Contrastive Gaussian Clustering: Weakly Supervised 3D Scene Segmentation
Myrna C. Silva, Mahtab Dahaghin, Matteo Toso, Alessio Del Bue
TL;DR
This work addresses the difficulty of obtaining reliable 3D scene segmentation with limited 3D annotations by embedding a 3D segmentation feature field into a 3D Gaussian Splatting representation. It introduces a contrastive clustering objective on rendered 3D features and a spatial-similarity regularization to learn cross-view-consistent segmentation from inconsistent 2D masks, enabling both 2D novel-view segmentation and 3D scene partitioning. The approach outperforms state-of-the-art methods on open-vocabulary segmentation benchmarks, achieving higher mIoU and boundary alignment while maintaining real-time rendering capabilities. This yields a practical, scalable path for 3D scene understanding in cluttered or open-domain environments, with potential for integration with language-enabled prompts and hierarchical segmentation in future work.
Abstract
We introduce Contrastive Gaussian Clustering, a novel approach capable of provide segmentation masks from any viewpoint and of enabling 3D segmentation of the scene.

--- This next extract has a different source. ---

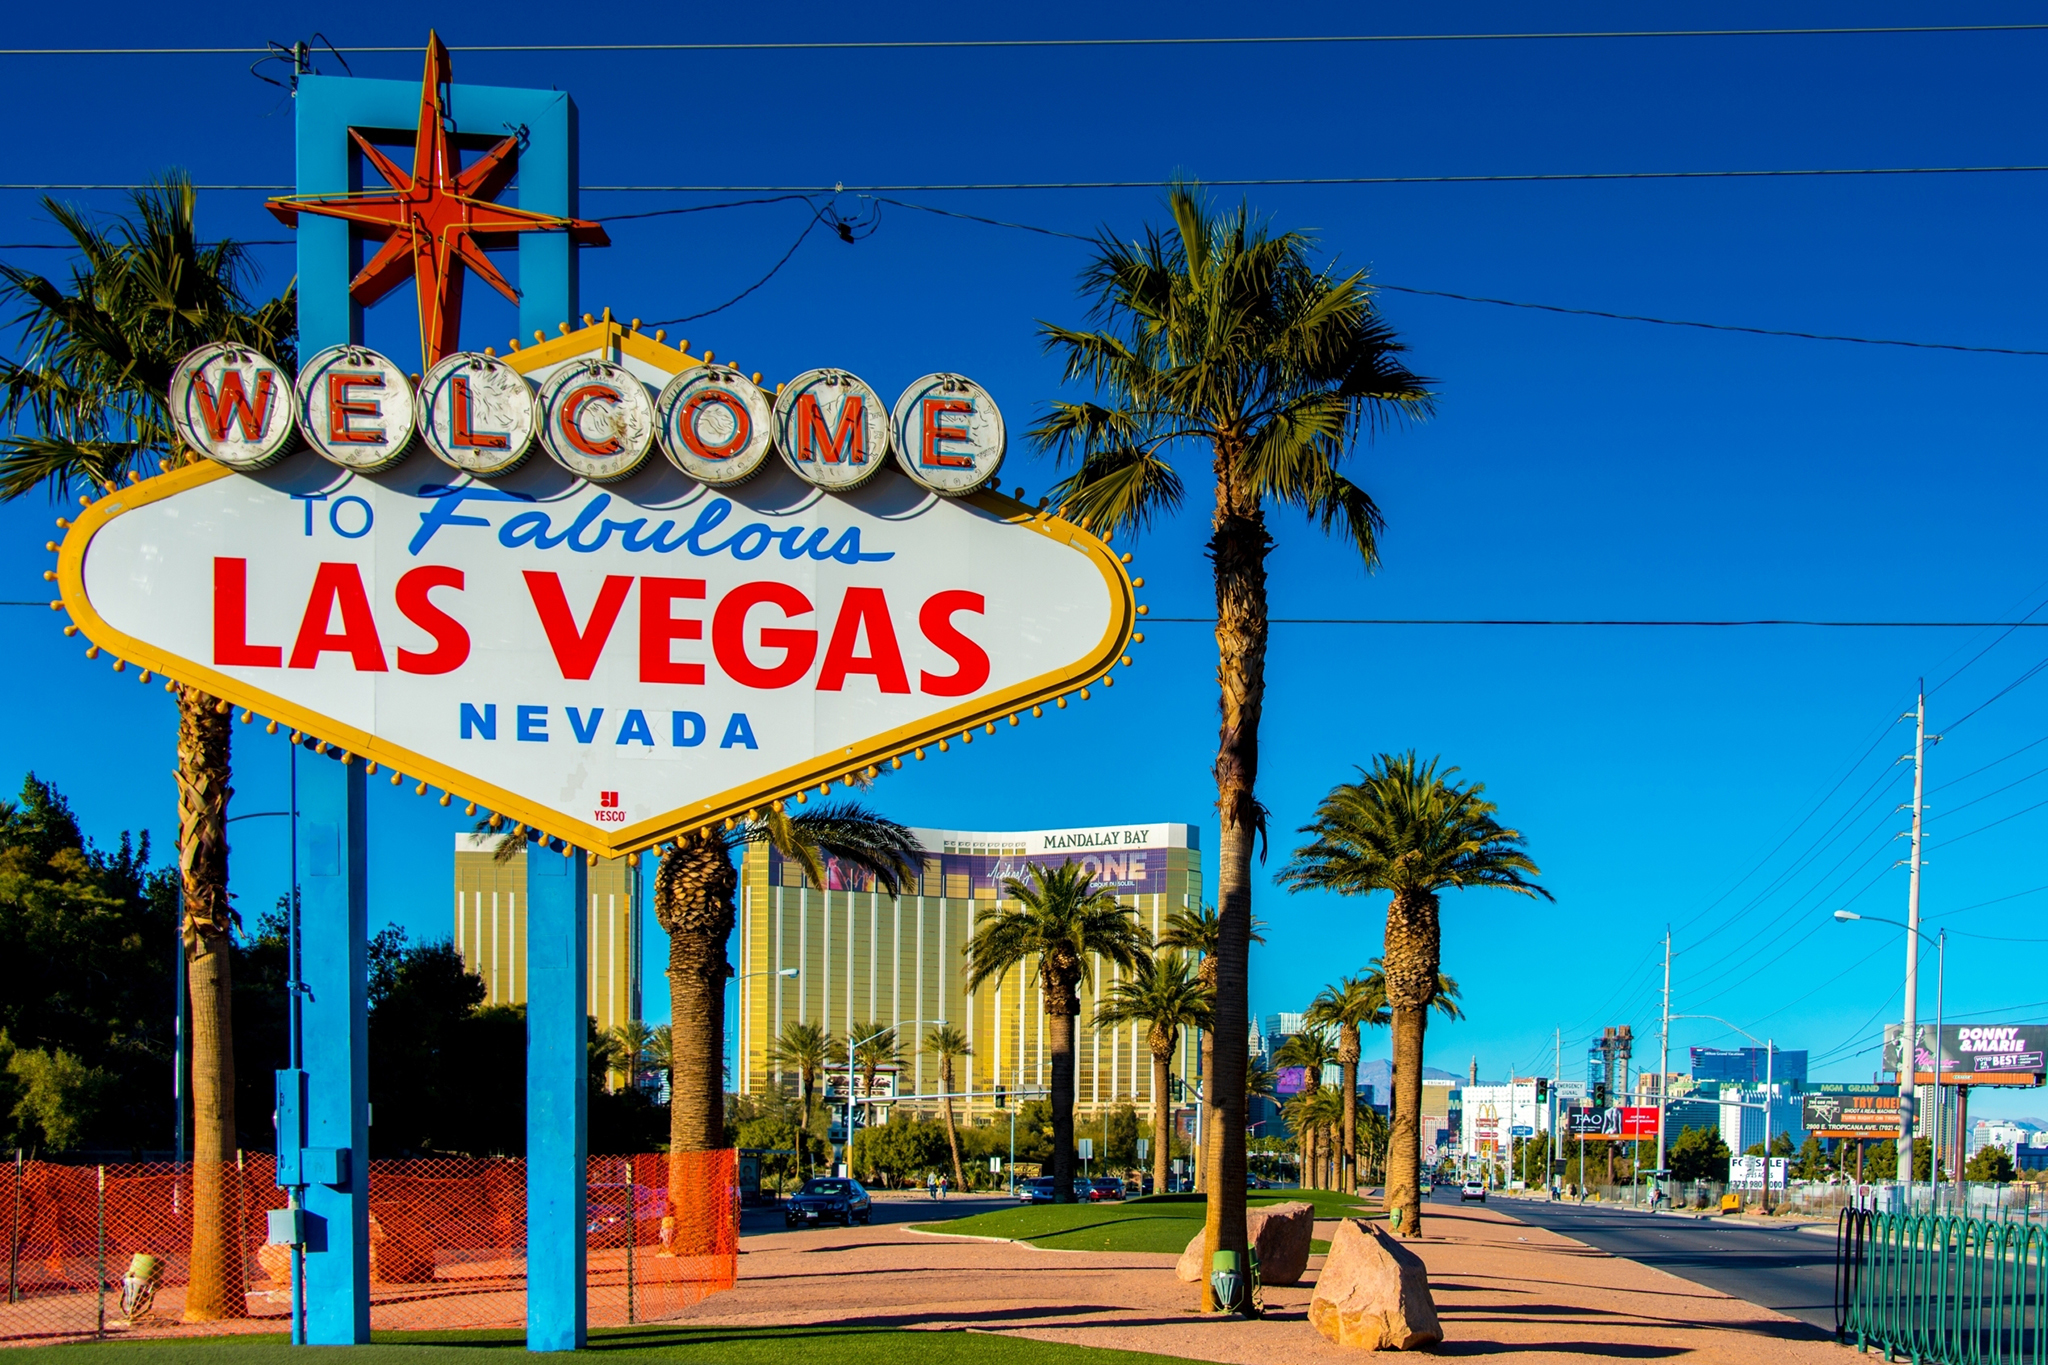 Las Vegas travel deals on hotels, shows, and things to do

Recent works in novel-view synthesis have shown how to model the appearance of a scene via a cloud of 3D Gaussians, and how to generate accurate images from a given viewpoint by projecting on it the Gaussians before $α$ blending their color. Following this example, we train a model to include also a segmentation feature vector for each Gaussian. These can then be used for 3D scene segmentation, by clustering Gaussians according to their feature vectors; and to generate 2D segmentation masks, by projecting the Gaussians on a plane and $α$ blending over their segmentation features. Using a combination of contrastive learning and spatial regularization, our method can be trained on inconsistent 2D segmentation masks, and still learn to generate segmentation masks consistent across all views. Moreover, the resulting model is extremely accurate, improving the IoU accuracy of the predicted masks by $+8\%$ over the state of the art. Code and trained models will be released soon.